Clima e rischi per il territorio, via al progetto Life Sec Adapt

Clima e rischi per il territorio, via al progetto Life Sec Adapt

VIA AL PROGETTO LIFE SEC ADAPT, I COMUNI IN UN NETWORK EUROPEO PER AFFRONTARE I CAMBIAMENTI CLIMATICI

Oggi a Senigallia il meeting di lancio del progetto coordinato da Svim che coinvolge Ancona, Ascoli Piceno, Fabriano, Fermo, Jesi, Macerata, Offida, Pesaro, San Paolo di Jesi, Santa Maria Nuova, Senigallia e Urbino

 

 

Senigallia, 2015-12-14 – Dodici Comuni delle Marche lavoreranno in rete con partner europei in azioni concrete per prevenire i rischi ambientali e idrogeologici legati ai cambiamenti climatici. È quanto prevede il progetto Life Sec Adapt, coordinato da Svim – agenzia di sviluppo della Regione Marche, che ha avviato le attività con il meeting di lancio in programma oggi e domani alla Rotonda a mare di Senigallia (An).

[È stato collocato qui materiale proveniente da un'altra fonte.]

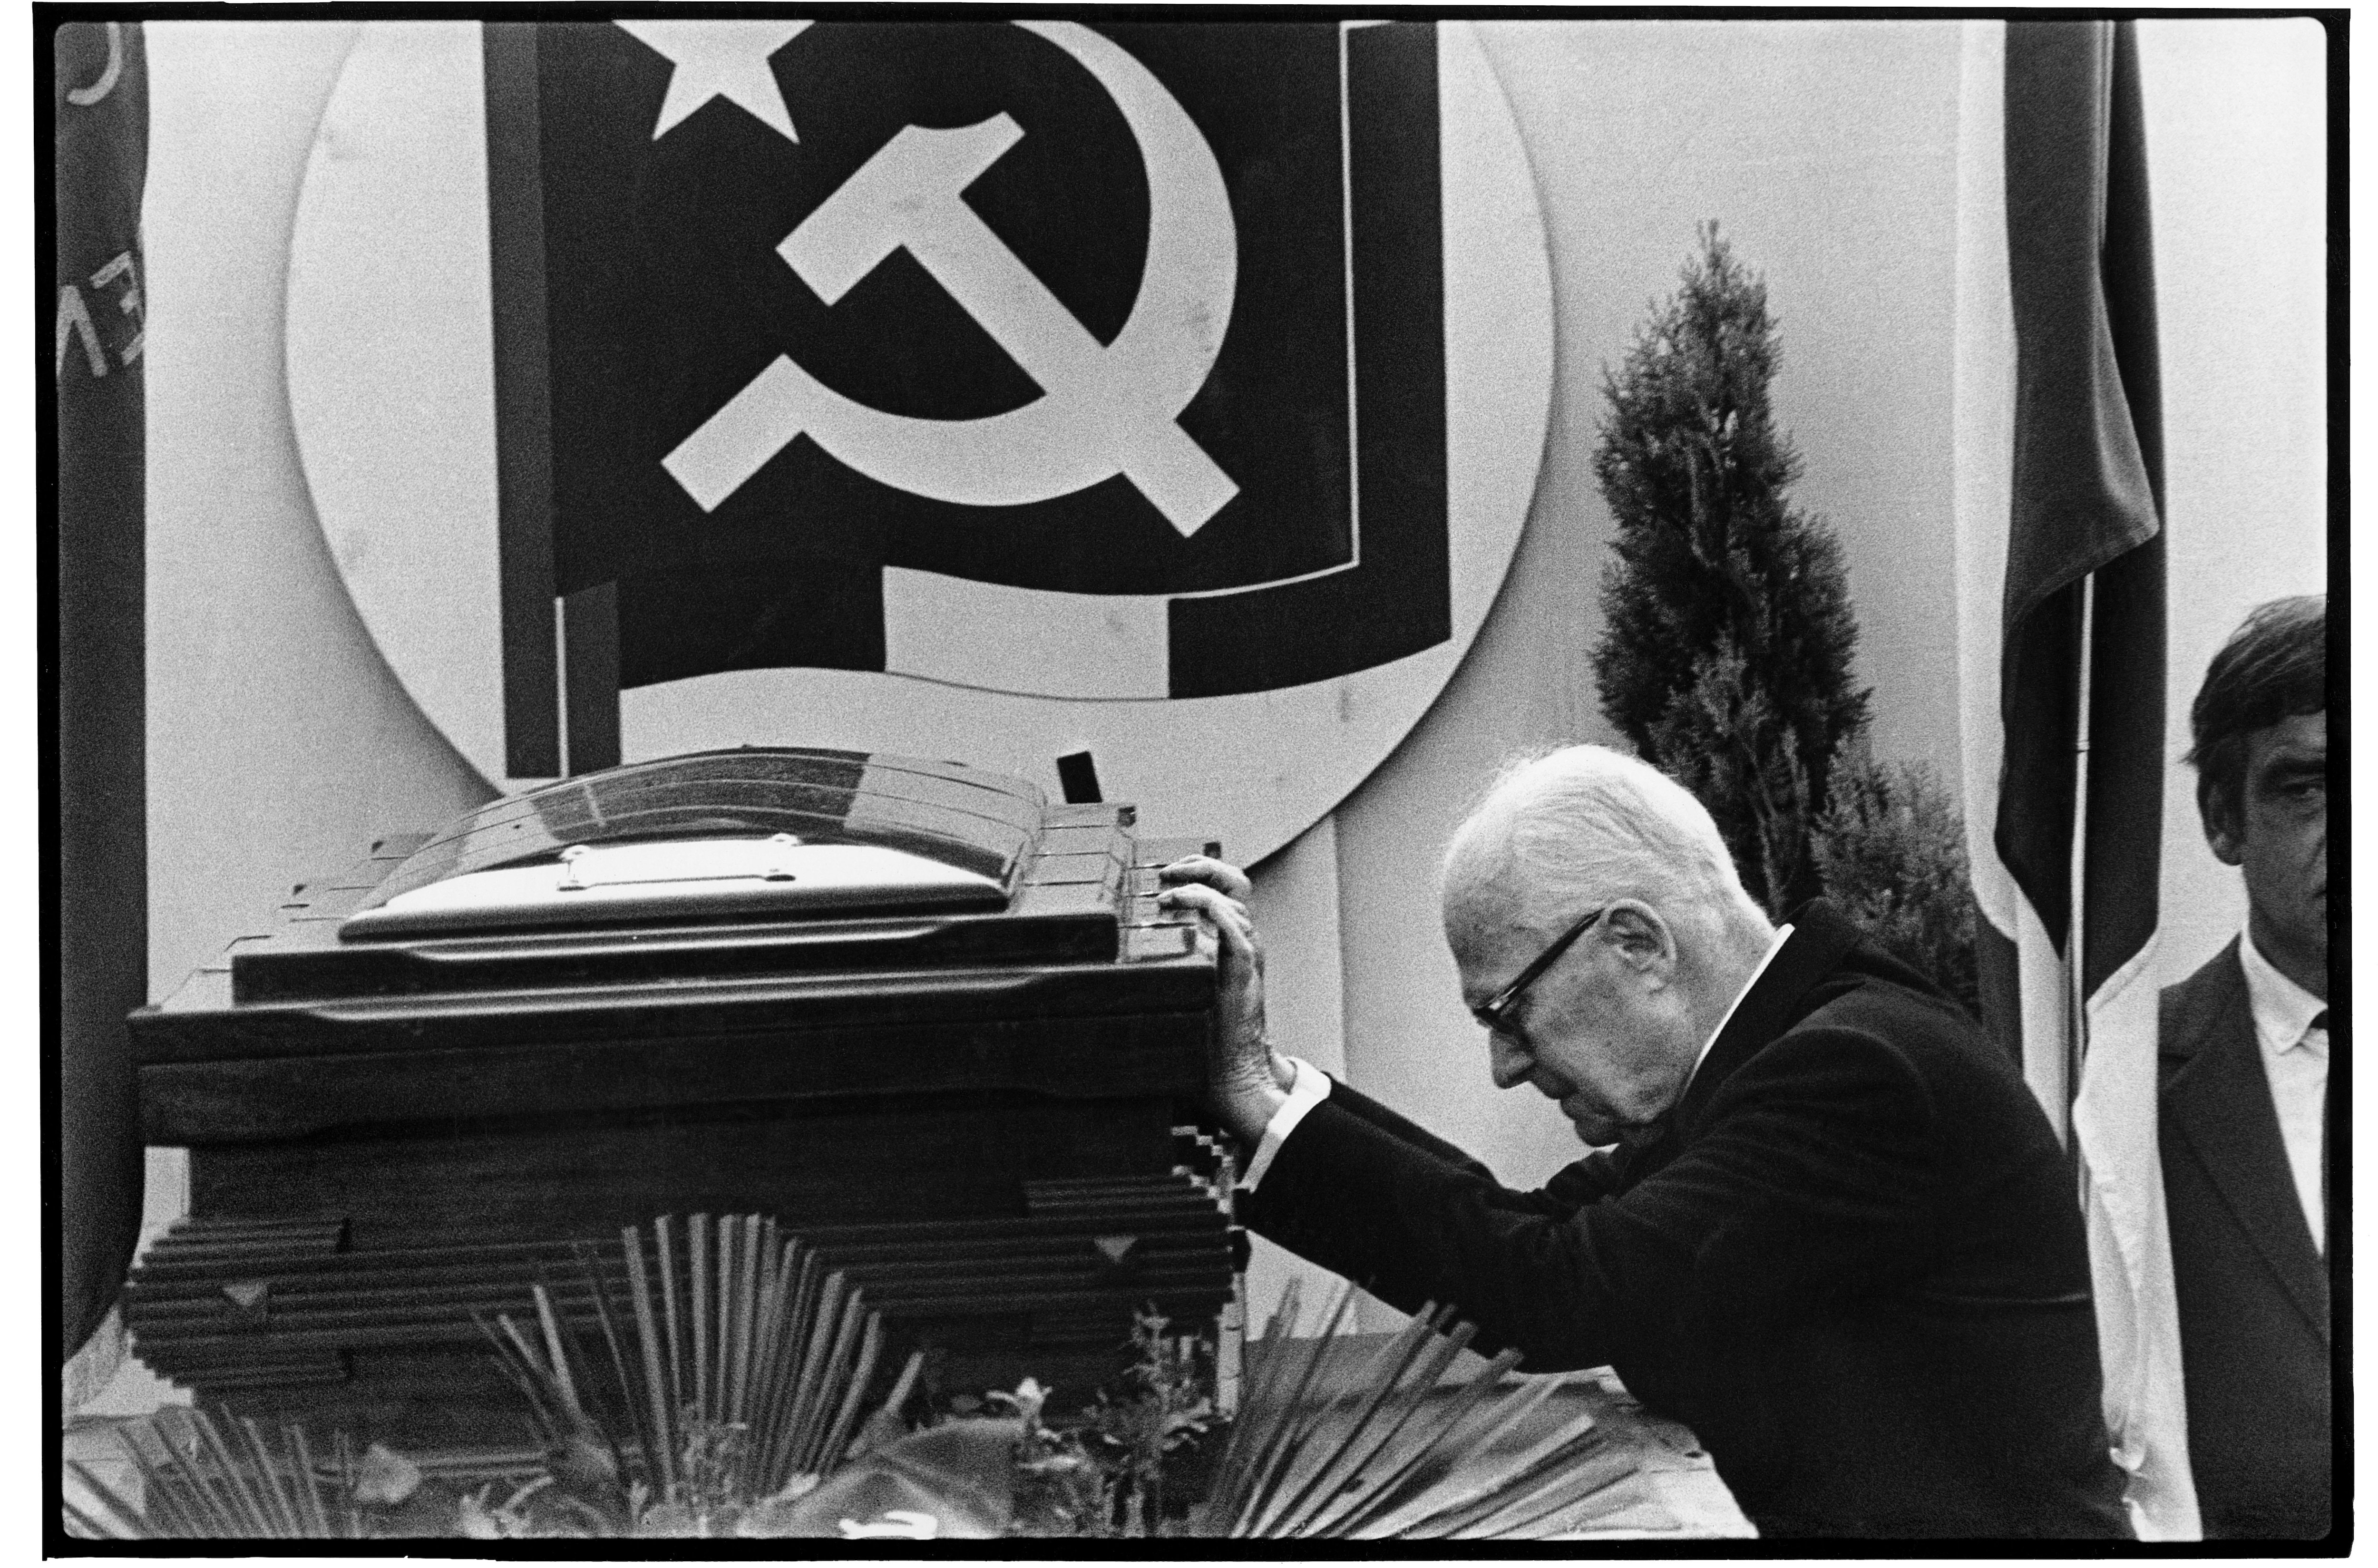 Pertini ai funerali di Enrico Berlinguer, il 13 giugno 1984

Il progetto, finanziato dalla Commissione Europea nell’ambito del programma Life 2014-2020, si avvale di un budget totale di oltre 3,2 milioni di euro e durerà fino a tutto il 2018; coinvolge 23 partner provenienti da Italia, Croazia, Spagna e Grecia e nelle Marche vede la partecipazione dei Comuni di Ancona, Ascoli Piceno, Fabriano, Fermo, Jesi, Macerata, Offida, Pesaro, San Paolo di Jesi, Santa Maria Nuova, Senigallia e Urbino. Gli aspetti più rilevanti legati ai cambiamenti climatici sono riconducibili all’aumento delle emissioni di CO2 e al rischio idrogeologico, che dall’erosione, alle frane fino ai fenomeni alluvionali interessa gran parte del territorio regionale. Il progetto si colloca nell’ambito della strategia messa in campo dalla Regione Marche per contrastare questi fenomeni: attraverso gli interventi previsti, i Comuni acquisiranno maggiore consapevolezza dei rischi e delle vulnerabilità dei territori e una conoscenza degli strumenti che si possono attivare per farne fronte; l’elaborazione di piani locali d’adattamento climatico offrirà alle Amministrazioni l’opportunità di integrare queste esigenze nelle strategie e nei piani esistenti.

 

La due giorni ha preso avvio con un seminario che ha fornito un quadro delle strategie per far fronte ai cambiamenti climatici, sia a livello internazionale che nelle declinazioni locali. Ha aperto i lavori il vice sindaco di Senigallia, Maurizio Memé, che richiamandosi all’alluvione del maggio 2014 ha parlato della necessità di “rivedere i modelli di sviluppo” e dell’importanza di questo progetto come “opportunità per attuare e condividere buone pratiche”. Il seminario ha consentito di richiamare l’importante accordo sul clima raggiunto alla Conferenza Onu di Parigi: come ha sottolineato Domenico Gaudioso dell’Istituto superiore per la protezione e la ricerca ambientale, oltre ad impegnare i Paesi in misure per contrastare il riscaldamento globale, l’accordo riconosce un importante ruolo alle città. Forte anche l’impegno dell’Unione Europea, illustrato da Laura Creazzo dell’Ufficio di coordinamento del Mayors Adapt (iniziativa Ue del Patto dei Sindaci sull’adattamento al clima) e Lorenzo Bono di Ambiente Italia: attraverso fondi strutturali e programma specifici come Horizon e Life, la Ue impiegherà oltre il 20% delle risorse programmate dal 2014 al 2020 per misure sul clima. Risorse che le Marche hanno saputo intercettare anche grazie al progetto ideato da Svim: come ha spiegato Lucia Catalani, dei 3,2 milioni del budget totale, 2 milioni ricadranno direttamente sul territorio regionale. Al seminario sono state inoltre illustrati alcuni casi dalle città partner, tra cui quello di Ancona che, come sottolineato l’assessore Fabio Fiorillo, ha acquisito una importante esperienza nel monitoraggio del territorio seguito alla grande frana che ha colpito il capoluogo marchigiano nel 1982.